New Publication on Experience-Led Youth Advocacy
Posted by Juvenile Law Center on August 31, 2021
Building the Field of Ethical, Authentic, and Youth-led Advocacy: Key Components of a Youth Advocacy Program is twelve years in the making with countless social workers, attorneys, graduate interns, fellows, and young advocates with lived experience working and re-working to craft a model for developing youth-led advocacy efforts and programming. This model is broken down into components that outline guiding principles supported by research, active protocols and processes used by Juvenile Law Center’s Youth Advocacy Program, and reflections provided by program members. The Youth Advocacy Program was developed in 2008 to provide youth with involvement in the foster care and justice systems, ages 15-22, the opportunity to propose and advocate for effective solutions and commonsense reform. As a team, we knew that we needed to start sharing what we have developed, practiced, and relearned over the course of the lifetime of the Youth Advocacy Program.
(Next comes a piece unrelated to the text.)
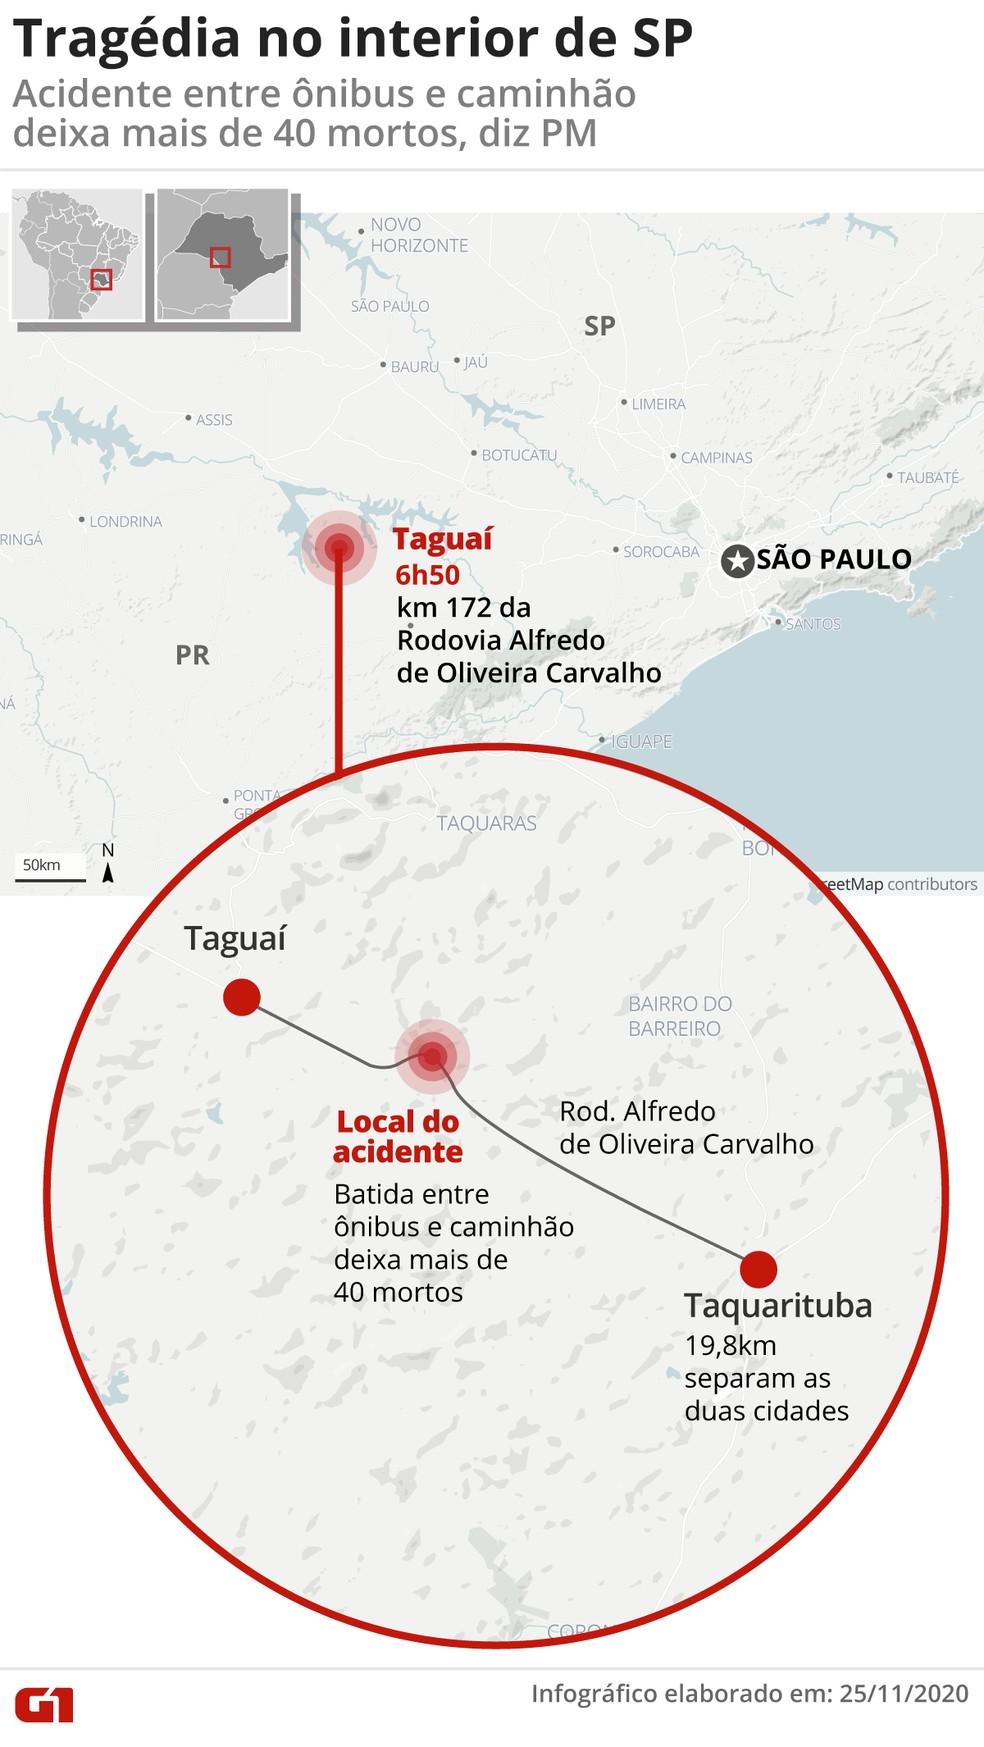 41 morrem em acidente em Taguaí, no interior de SP — Foto: Arte-G1

This publication is only the beginning of what our team wants to share with the rest of the youth-led advocacy field. Our goal is to ensure that youth with lived experiences can provide their insight and recommendations with minimal harm and maximum transformation.
Juvenile Law Center staff, especially Youth Advocacy Program staff, believe youth expertise is essential to creating knowledgeable, progressive reform policies. The Youth Advocacy Team, including the youth advocate members, work to ensure youth with experience in the juvenile justice and foster care systems are invited to the decision-making table to lead the development of policies and legislation that have an impact on their lives and their communities. Youth-driven programming that incorporates youth experience and expertise in systemic reform at the local, state, and national level results in targeted policies that effectively respond to the needs of youth.
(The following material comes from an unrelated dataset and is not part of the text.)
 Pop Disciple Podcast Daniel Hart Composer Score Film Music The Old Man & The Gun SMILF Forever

The Youth Advocacy Program has grown to be a leader in the field of youth-led, experience-led advocacy. Our growth and intentionality to be authentic in our work and ethical in our practice has been noticed by other grassroots organizations, government officials, and legal agencies in the field who also feel a sense of urgency to not only incorporate youth expertise into their reform efforts, but also allow youth to lead the reform efforts. Although Youth Advocacy Program staff have developed many practices, resources, and protocols internally for program use and guidance, there is a gap in accessibility to these resources for others who want to do this work. We have worked hard to learn from our experiences and mistakes and develop guiding principles to prevent youth with systems experiences from being exploited and retraumatized, and from losing control over the narratives shaping their story.
People impacted by systems are finally starting to get invited to the decision-making table by professionals who recognize the transformative power of lived experience and expertise. The process for this collaboration takes patience, an understanding of trauma, and a willingness to let someone else change the narrative you have about them in your head. The integration or leadership by those with lived experience becomes quite tricky when young people- children, teens, and emerging adults- are asked to decision-making spaces. This is where Juvenile Law Center’s Youth Advocacy Program steps in to provide guidance.
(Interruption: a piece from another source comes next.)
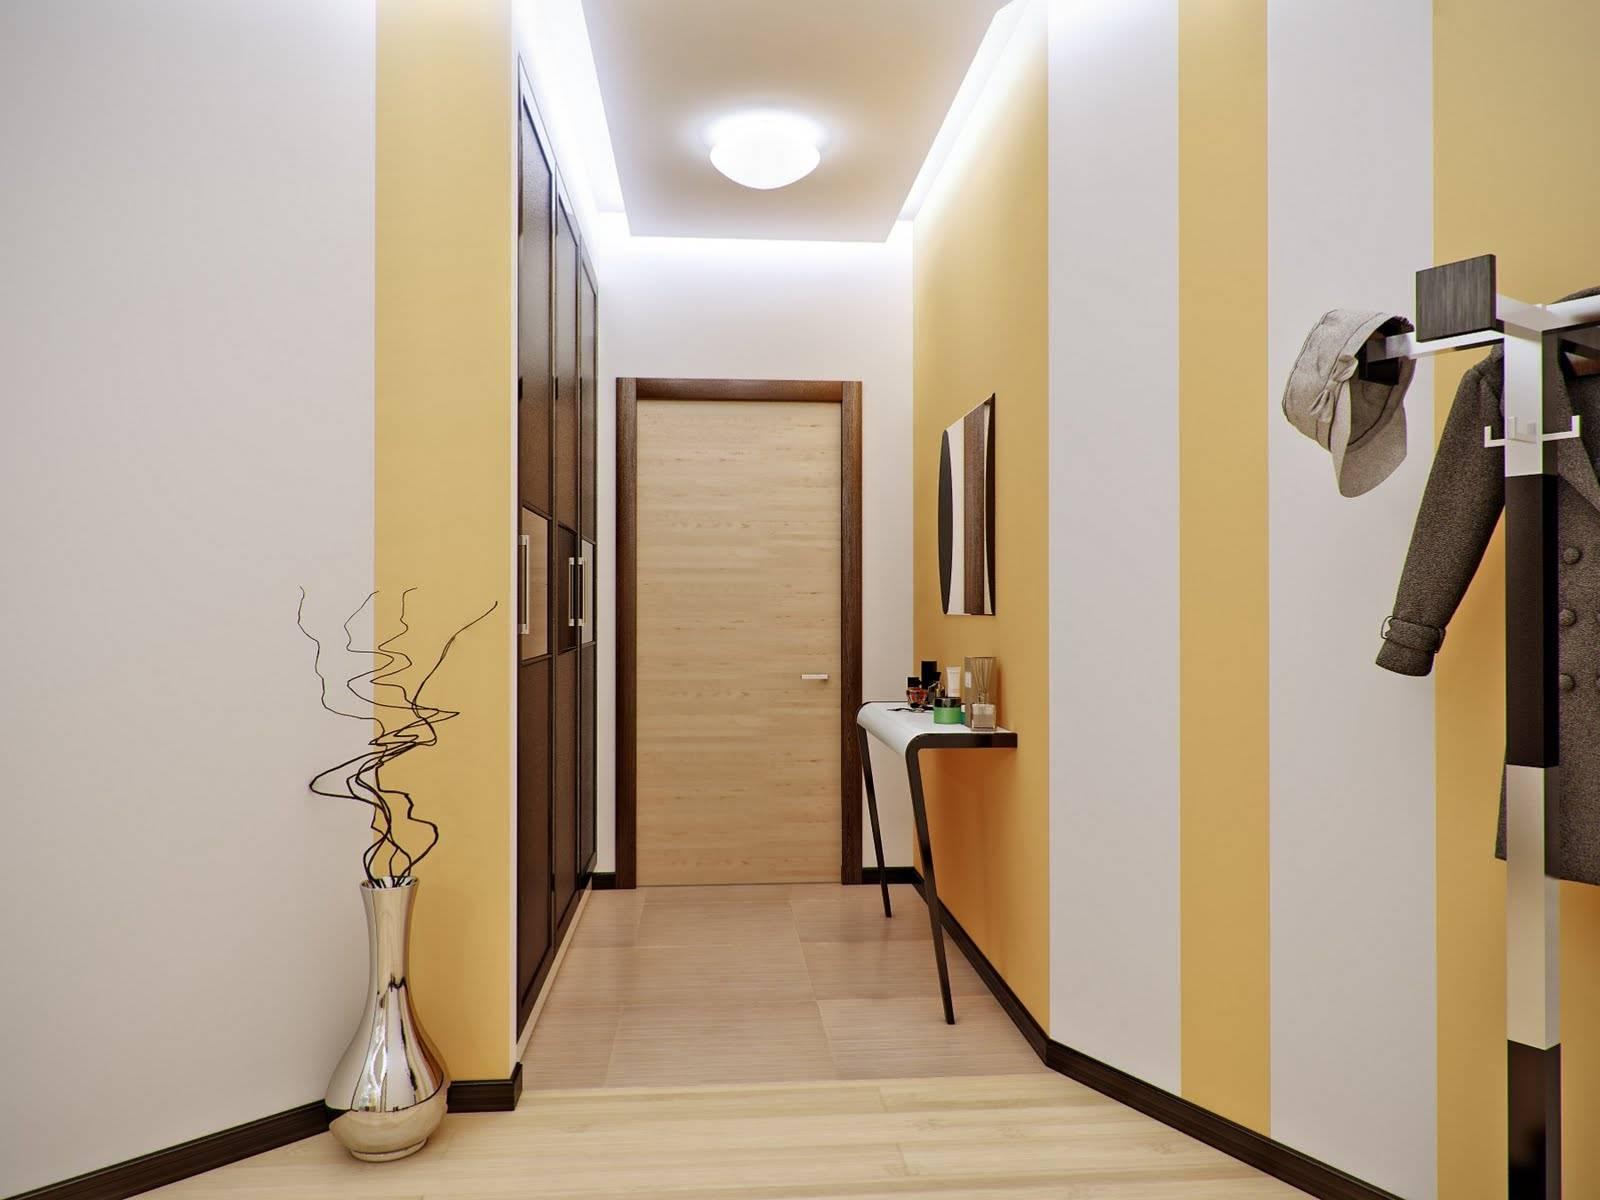 Какие светильники выбрать для натяжных потолков: виды, отличия, цены, что лучше?

We are living in a moment in time when the convergence of technology and social movements are opening new pathways for advocacy and transformation. No longer are policy advocacy and systemic change exclusively for those who practice law or who hold positions of power in government. Advocacy can now be in the hands of a teenager with a cell phone and an Instagram account, story sharers on Facebook live, and journalists breaking news with countless personal accounts of trauma and resilience. These outlets allow all people to see that their own understanding of the problem and the solutions are limited by their experience. Advocates want to understand the problem better and the only way to better understand their own biases is to seek out the leadership of those who are closest to the problem. Finally, advocates in the field are looking to those closest to the societal, structural, and institutional problems to expose root causes and develop long-lasting solutions based on their own lived expertise. This slight shift in power distribution- and yes, I do believe the shift in power is slight at best- is groundbreaking especially when many of these problems root so deeply from centuries of racism and white supremacy where many expert voices were silenced and barred from entering spaces where they could make real change.